With many people working from home due to the COVID-19 outbreak, Saadi said it is now a great time for individuals interesting in fostering to try it out. Once life returns to normal, Saadi said she hopes those fostering will realize taking care of an animal is not as time consuming as they might have thought.
Christina Manley, foster dog parent, said she and her husband have been wanting to foster a dog for a while but were hesitant due to time constraints. Now that the couple is working from home, Manley said she and her husband figured it would be the perfect time to foster a dog and give the pet all of the love and attention it deserves.
Manley and her husband are fostering a 46-pound beagle terrier pitbull mix named Ella. They have been fostering Ella since March 27. When applying to be a foster, Manley said she wanted to make sure their foster dog would be friendly toward their resident dog Franklin. She said the shelter referred them to Ella because of her experience living with a kennel mate.
“They get along unbelievably well,” Manley said. “It’s just both their temperaments. He is a really chill go-with-the flow dog, if you’re cool with him then he’s cool with you, and she’s definitely the same way.”
Manley said she is glad to be able to help the shelter during this time. She said by fostering Ella she hopes she will alleviate the shelter’s employees’ stress.
“By taking a dog in, you give the employees a break and a chance to stay at home during this time,” Manley said. “The less dogs they have to take care of right now, the better.”
In addition to first-time fosters, the shelter has relied on the support of continuing fosters. Debbie Randall has fostered 15 dogs from the shelter. She is currently fostering two dogs from the shelter: a chihuahua named Frida and a terrier mix named Frito.
She has been fostering Frida since December 2019 and began fostering Frito last week.
Randall said she loves fostering dogs because she values being able to save a dog’s life as well as help the local shelter. She said she has been fostering dogs for 25 years and has fostered over 100 dogs from various shelters.
“It helps (the animals) get out of the environment and gets them to a quieter place where they feel more secure,” Randall said. “It just helps them feel safe.”

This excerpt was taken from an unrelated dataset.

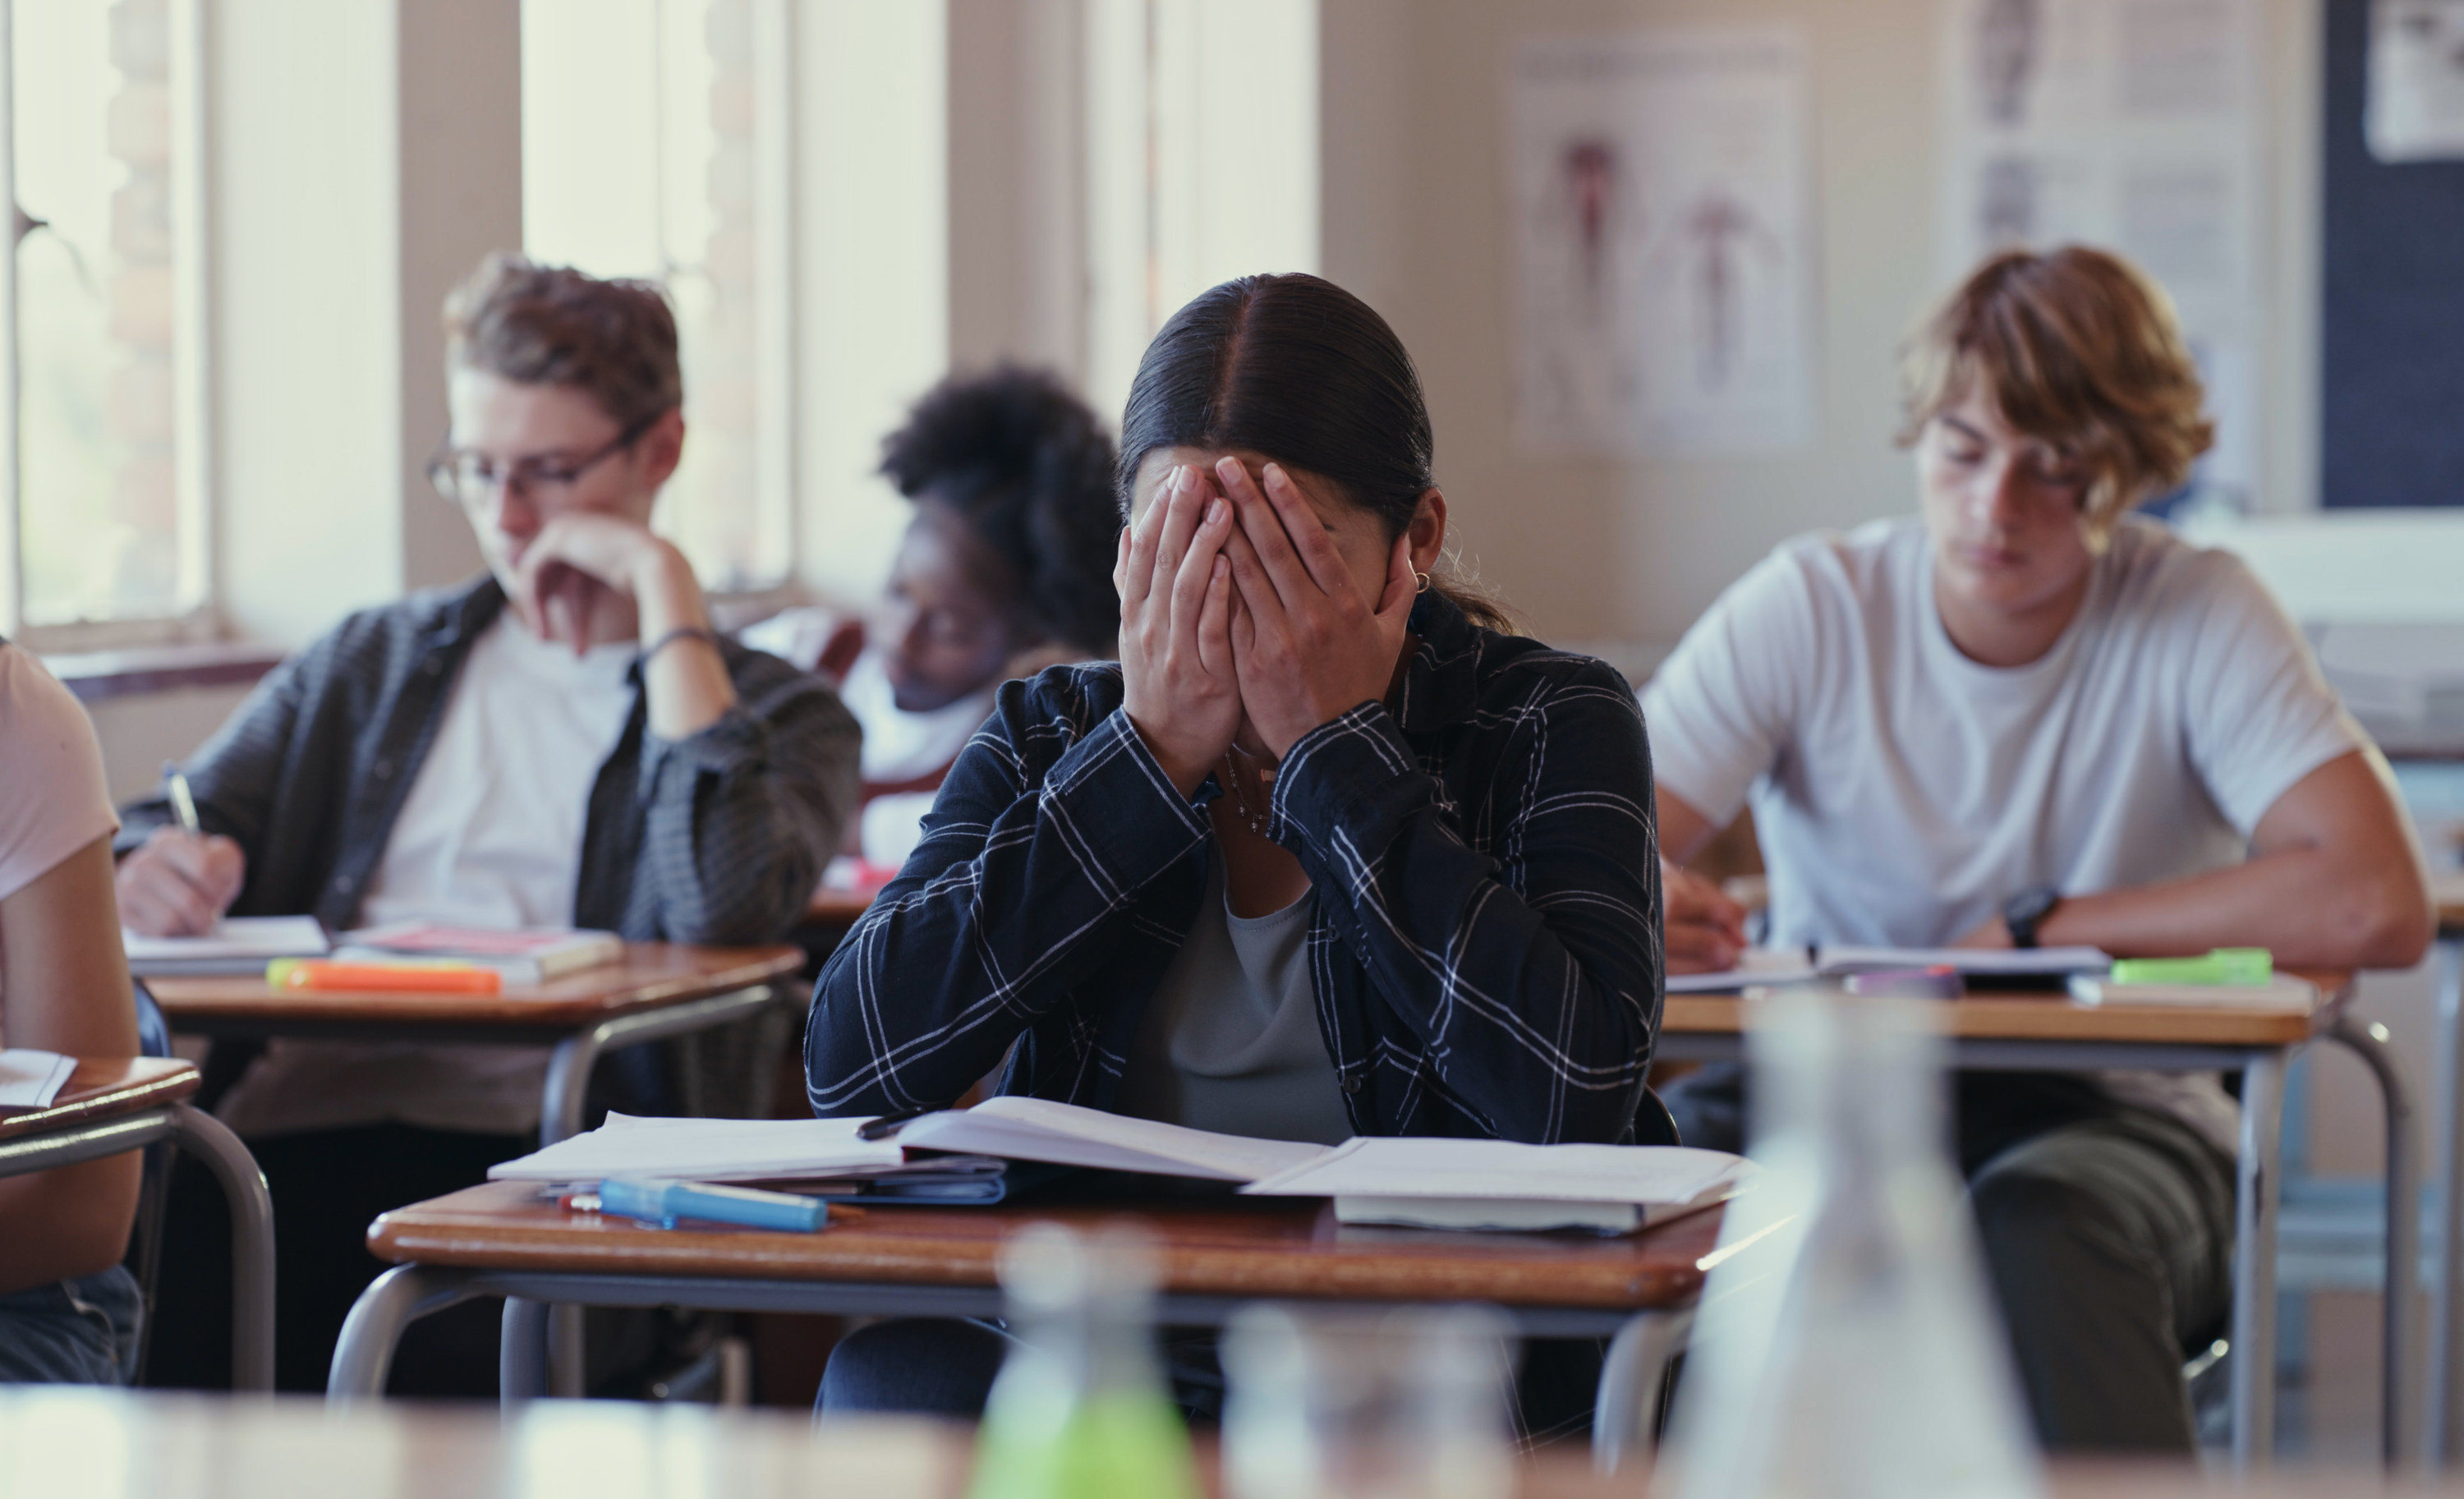 Stressed student in class with their hands over their face

In addition to Frida and Frito, Randall has 10 rescue dogs of her own. She said her dogs sometimes take time getting used to a new foster dog, but within a few days, all of the dogs are running around and playing with each other.
“They’re a really good group with the other dogs,” Randall said. “They teach them how to play and how to live in a house. They really help build confidence in playing and feeling safe.”
When it comes to fostering an animal, Randall said patience is key. She said a lot of times the animal’s past situation is unknown and it can take time for them to learn how to live in a secure environment.
“A dog could’ve been a stray, abused or surrendered, and it takes time for the dog to learn what you expect from them,” Randall said. “They’re going to make mistakes, you just have to work with them and have compassion and a passion to teach them.”
Those unable to adopt or foster an animal at this time can share their support by donating cat and dog food to the shelter or by donating to Mutt Strutt, the shelter’s non-profit partner.